With indexing enabled, Pass 1 skips files whose blake3 content hash is unchanged, and cached findings are served directly for AST-only results.
---
## Roadmap
### Phase 1 -- Deep Static Engine
| Feature | Description |
|---|---|
| Interprocedural call graph | Precise symbol resolution via `FuncKey`, language-scoped namespaces, cross-module linking. No name-collision merging -- full call graph with topological analysis. |
| Path-sensitive analysis | Track path predicates and conditional constraints. Detect infeasible paths and validation-only-in-one-branch patterns. Dramatically reduces false positives. |
| Dataflow & state modeling | Resource state machines (init -> use -> close), auth state transitions, privilege level tracking. Semantic analysis beyond pattern matching. |
| Attack surface ranking | Score entry points by distance-to-sink, guard strength, path complexity, and privilege escalation potential. Deterministic attack surface scoring. |
### Phase 2 -- Dynamic Capability
| Feature | Description |
|---|---|
| Controlled dynamic execution | Local sandbox: identify entry points, spin up test harnesses, inject payloads, detect runtime crashes and command execution. Deterministic automated exploit validation -- static finds `exec(user_input)`, dynamic confirms it with `; id`. |
| Fuzzing integration | libFuzzer (C/C++), cargo-fuzz (Rust), go-fuzz, HTTP fuzzing harness. Static engine identifies interesting functions, fuzzer targets only those. |
### Phase 3 -- Intelligent Reasoning Layer
| Feature | Description |
|---|---|
| Semantic similarity | Embeddings for finding similar vulnerability patterns across codebases. |
| LLM reasoning | AI-assisted detection of non-obvious logic bugs. |
| Exploit refinement | Automated loops to refine and validate exploit chains. |
### Other planned improvements
| Area | Details |
|---|---|
| Output formats | SARIF 2.1.0, JUnit XML, HTML report generator |
| Language coverage | Expanded taint rules per language, resource leak pairs for Python/Ruby/PHP/JS/TS |
| Rule updates | Remote rule feed with signature verification |
| UX | Progress bar, smart file-watch re-scan |
Community feedback shapes priorities -- please [open an issue](https://github.com/ecpeter23/nyx/issues) to discuss proposed changes.
---
## Contributing
Pull requests are welcome. To contribute:
1. Fork the repository and create a feature branch.

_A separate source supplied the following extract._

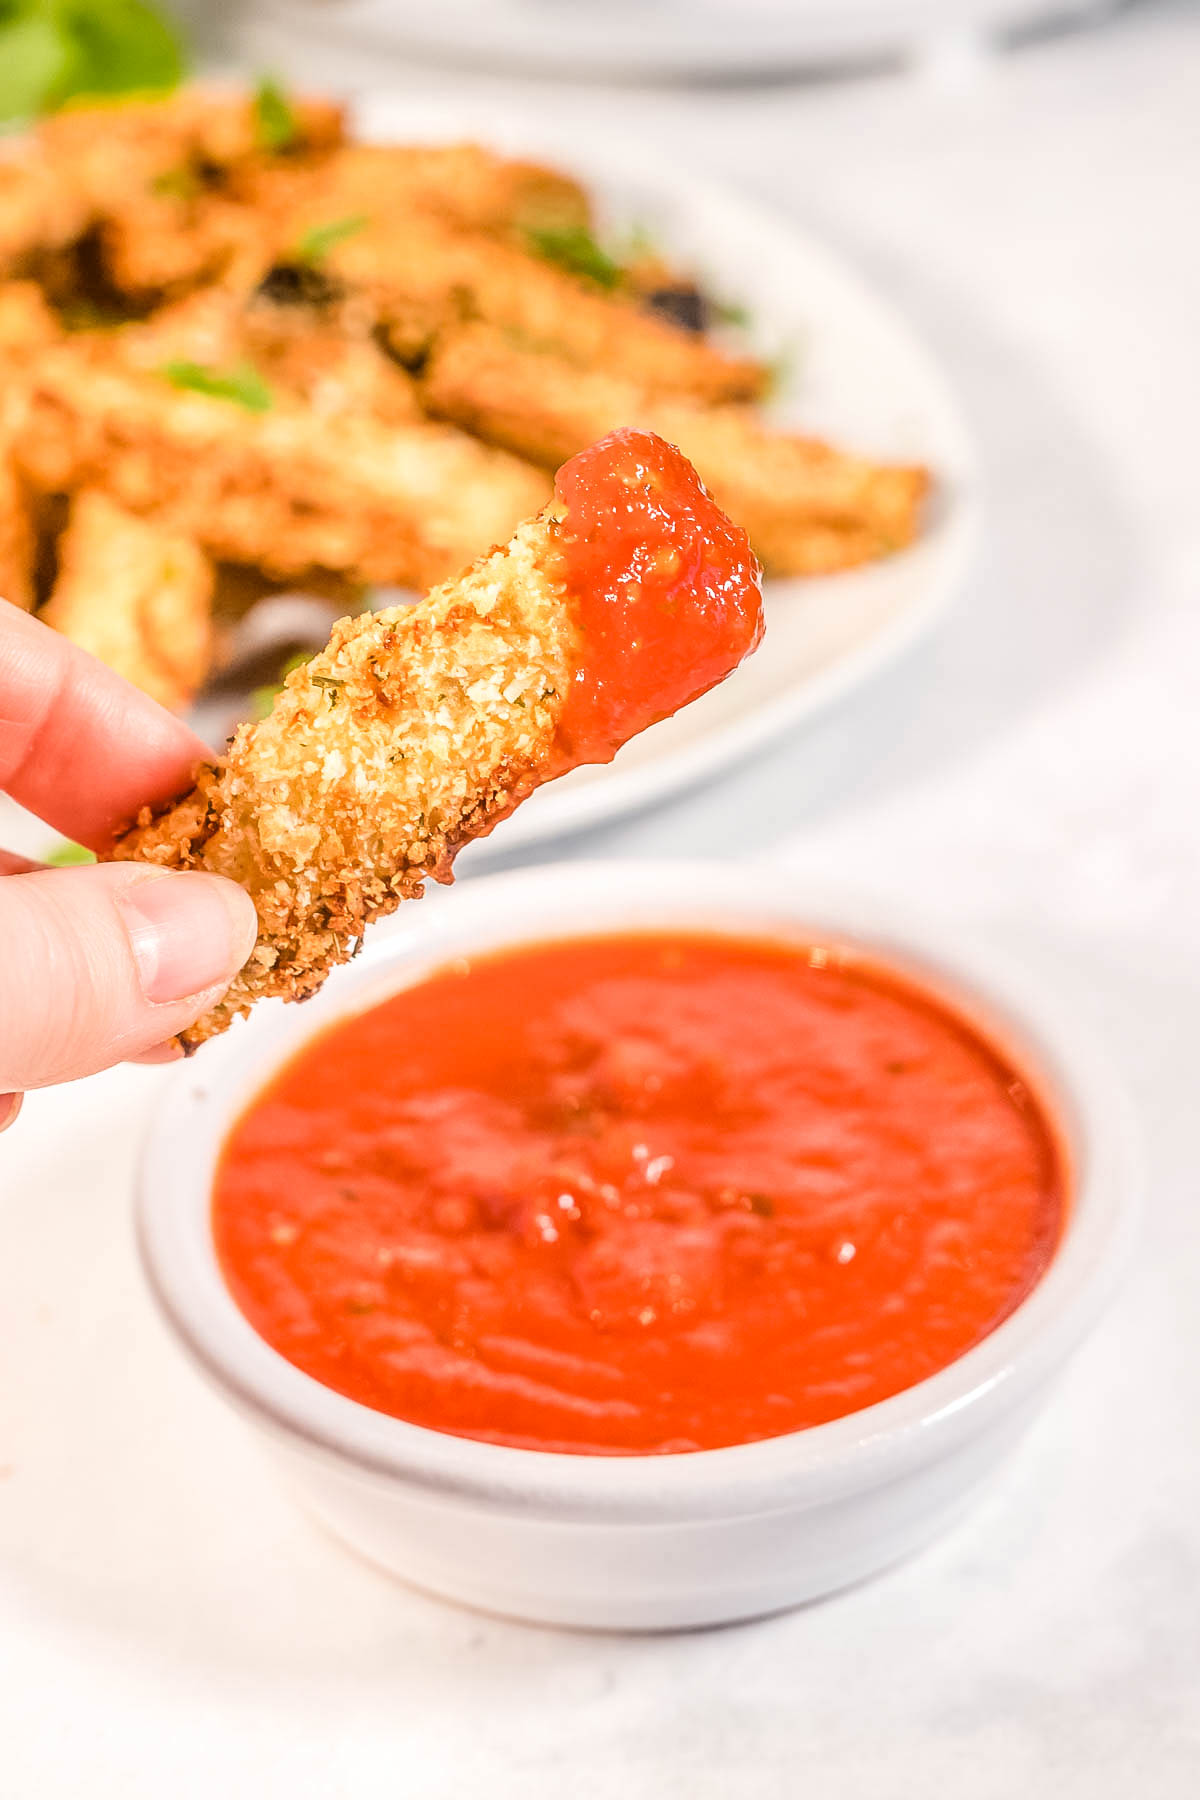 A eggplant fry being dipped into marinara sauce.

2. Adhere to `rustfmt` and ensure `cargo clippy --all -- -D warnings` passes.
3. Add unit and/or integration tests where applicable (`cargo test` should remain green).
4. Submit a concise, well-documented pull request.
Please open an issue for any crash, panic, or suspicious result -- attach the minimal code snippet and mention the Nyx version.
See `CONTRIBUTING.md` for full guidelines.
---
## License
Nyx is licensed under the **GNU General Public License v3.0 (GPL-3.0)**.
This ensures that all modified versions of the scanner remain free and open-source, protecting the integrity and transparency of security tools.
See [LICENSE](./LICENSE) for full details.